Instructions for the task: Please write back every entry exactly, character for character.

********************

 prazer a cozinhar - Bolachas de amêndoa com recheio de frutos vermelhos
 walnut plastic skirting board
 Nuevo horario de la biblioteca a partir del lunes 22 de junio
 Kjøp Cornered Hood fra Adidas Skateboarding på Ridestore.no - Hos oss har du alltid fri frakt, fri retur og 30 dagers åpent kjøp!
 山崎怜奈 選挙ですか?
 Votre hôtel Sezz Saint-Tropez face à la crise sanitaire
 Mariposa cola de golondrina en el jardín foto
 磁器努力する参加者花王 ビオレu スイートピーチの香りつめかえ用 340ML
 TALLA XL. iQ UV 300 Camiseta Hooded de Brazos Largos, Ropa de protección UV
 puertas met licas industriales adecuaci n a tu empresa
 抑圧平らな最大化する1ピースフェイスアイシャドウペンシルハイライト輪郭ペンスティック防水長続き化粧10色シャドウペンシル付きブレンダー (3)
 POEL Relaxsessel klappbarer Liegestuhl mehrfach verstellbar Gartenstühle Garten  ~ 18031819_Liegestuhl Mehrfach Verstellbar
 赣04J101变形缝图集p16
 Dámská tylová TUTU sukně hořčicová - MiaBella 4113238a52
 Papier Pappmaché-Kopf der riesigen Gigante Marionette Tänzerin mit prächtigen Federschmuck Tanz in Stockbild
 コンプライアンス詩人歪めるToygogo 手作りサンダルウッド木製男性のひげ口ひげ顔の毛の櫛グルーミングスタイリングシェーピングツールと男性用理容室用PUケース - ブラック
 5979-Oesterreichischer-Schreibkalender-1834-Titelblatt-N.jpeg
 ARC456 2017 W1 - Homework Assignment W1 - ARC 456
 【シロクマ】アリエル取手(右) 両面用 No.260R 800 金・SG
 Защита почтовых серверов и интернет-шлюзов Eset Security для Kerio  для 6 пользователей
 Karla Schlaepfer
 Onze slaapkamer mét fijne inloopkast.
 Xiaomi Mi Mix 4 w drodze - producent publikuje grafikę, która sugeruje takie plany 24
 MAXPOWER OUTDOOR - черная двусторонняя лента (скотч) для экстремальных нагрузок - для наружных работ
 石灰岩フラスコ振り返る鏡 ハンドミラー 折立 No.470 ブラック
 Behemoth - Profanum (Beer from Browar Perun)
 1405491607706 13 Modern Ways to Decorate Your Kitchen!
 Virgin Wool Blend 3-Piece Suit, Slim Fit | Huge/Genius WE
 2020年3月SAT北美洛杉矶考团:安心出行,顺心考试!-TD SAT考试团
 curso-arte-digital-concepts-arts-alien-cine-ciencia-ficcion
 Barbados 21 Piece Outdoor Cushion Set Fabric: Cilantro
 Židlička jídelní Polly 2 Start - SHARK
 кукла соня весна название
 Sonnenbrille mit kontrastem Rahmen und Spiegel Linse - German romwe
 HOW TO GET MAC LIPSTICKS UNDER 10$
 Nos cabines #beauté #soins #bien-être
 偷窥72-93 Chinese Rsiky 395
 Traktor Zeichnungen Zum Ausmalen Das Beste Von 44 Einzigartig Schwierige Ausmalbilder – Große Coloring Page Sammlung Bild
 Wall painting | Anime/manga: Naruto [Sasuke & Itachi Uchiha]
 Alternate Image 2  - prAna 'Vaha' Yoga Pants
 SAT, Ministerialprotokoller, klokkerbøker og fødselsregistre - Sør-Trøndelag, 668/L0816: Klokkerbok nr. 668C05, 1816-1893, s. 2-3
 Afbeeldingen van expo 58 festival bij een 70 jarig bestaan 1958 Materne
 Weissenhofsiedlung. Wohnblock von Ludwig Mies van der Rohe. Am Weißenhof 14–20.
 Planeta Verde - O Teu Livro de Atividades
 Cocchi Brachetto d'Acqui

********************

Solved problem:
 prazer a cozinhar - Bolachas de amêndoa com recheio de frutos vermelhos
 walnut plastic skirting board
 Nuevo horario de la biblioteca a partir del lunes 22 de junio
 Kjøp Cornered Hood fra Adidas Skateboarding på Ridestore.no - Hos oss har du alltid fri frakt, fri retur og 30 dagers åpent kjøp!
 山崎怜奈 選挙ですか?
 Votre hôtel Sezz Saint-Tropez face à la crise sanitaire
 Mariposa cola de golondrina en el jardín foto
 磁器努力する参加者花王 ビオレu スイートピーチの香りつめかえ用 340ML
 TALLA XL. iQ UV 300 Camiseta Hooded de Brazos Largos, Ropa de protección UV
 puertas met licas industriales adecuaci n a tu empresa
 抑圧平らな最大化する1ピースフェイスアイシャドウペンシルハイライト輪郭ペンスティック防水長続き化粧10色シャドウペンシル付きブレンダー (3)
 POEL Relaxsessel klappbarer Liegestuhl mehrfach verstellbar Gartenstühle Garten  ~ 18031819_Liegestuhl Mehrfach Verstellbar
 赣04J101变形缝图集p16
 Dámská tylová TUTU sukně hořčicová - MiaBella 4113238a52
 Papier Pappmaché-Kopf der riesigen Gigante Marionette Tänzerin mit prächtigen Federschmuck Tanz in Stockbild
 コンプライアンス詩人歪めるToygogo 手作りサンダルウッド木製男性のひげ口ひげ顔の毛の櫛グルーミングスタイリングシェーピングツールと男性用理容室用PUケース - ブラック
 5979-Oesterreichischer-Schreibkalender-1834-Titelblatt-N.jpeg
 ARC456 2017 W1 - Homework Assignment W1 - ARC 456
 【シロクマ】アリエル取手(右) 両面用 No.260R 800 金・SG
 Защита почтовых серверов и интернет-шлюзов Eset Security для Kerio  для 6 пользователей
 Karla Schlaepfer
 Onze slaapkamer mét fijne inloopkast.
 Xiaomi Mi Mix 4 w drodze - producent publikuje grafikę, która sugeruje takie plany 24
 MAXPOWER OUTDOOR - черная двусторонняя лента (скотч) для экстремальных нагрузок - для наружных работ
 石灰岩フラスコ振り返る鏡 ハンドミラー 折立 No.470 ブラック
 Behemoth - Profanum (Beer from Browar Perun)
 1405491607706 13 Modern Ways to Decorate Your Kitchen!
 Virgin Wool Blend 3-Piece Suit, Slim Fit | Huge/Genius WE
 2020年3月SAT北美洛杉矶考团:安心出行,顺心考试!-TD SAT考试团
 curso-arte-digital-concepts-arts-alien-cine-ciencia-ficcion
 Barbados 21 Piece Outdoor Cushion Set Fabric: Cilantro
 Židlička jídelní Polly 2 Start - SHARK
 кукла соня весна название
 Sonnenbrille mit kontrastem Rahmen und Spiegel Linse - German romwe
 HOW TO GET MAC LIPSTICKS UNDER 10$
 Nos cabines #beauté #soins #bien-être
 偷窥72-93 Chinese Rsiky 395
 Traktor Zeichnungen Zum Ausmalen Das Beste Von 44 Einzigartig Schwierige Ausmalbilder – Große Coloring Page Sammlung Bild
 Wall painting | Anime/manga: Naruto [Sasuke & Itachi Uchiha]
 Alternate Image 2  - prAna 'Vaha' Yoga Pants
 SAT, Ministerialprotokoller, klokkerbøker og fødselsregistre - Sør-Trøndelag, 668/L0816: Klokkerbok nr. 668C05, 1816-1893, s. 2-3
 Afbeeldingen van expo 58 festival bij een 70 jarig bestaan 1958 Materne
 Weissenhofsiedlung. Wohnblock von Ludwig Mies van der Rohe. Am Weißenhof 14–20.
 Planeta Verde - O Teu Livro de Atividades
 Cocchi Brachetto d'Acqui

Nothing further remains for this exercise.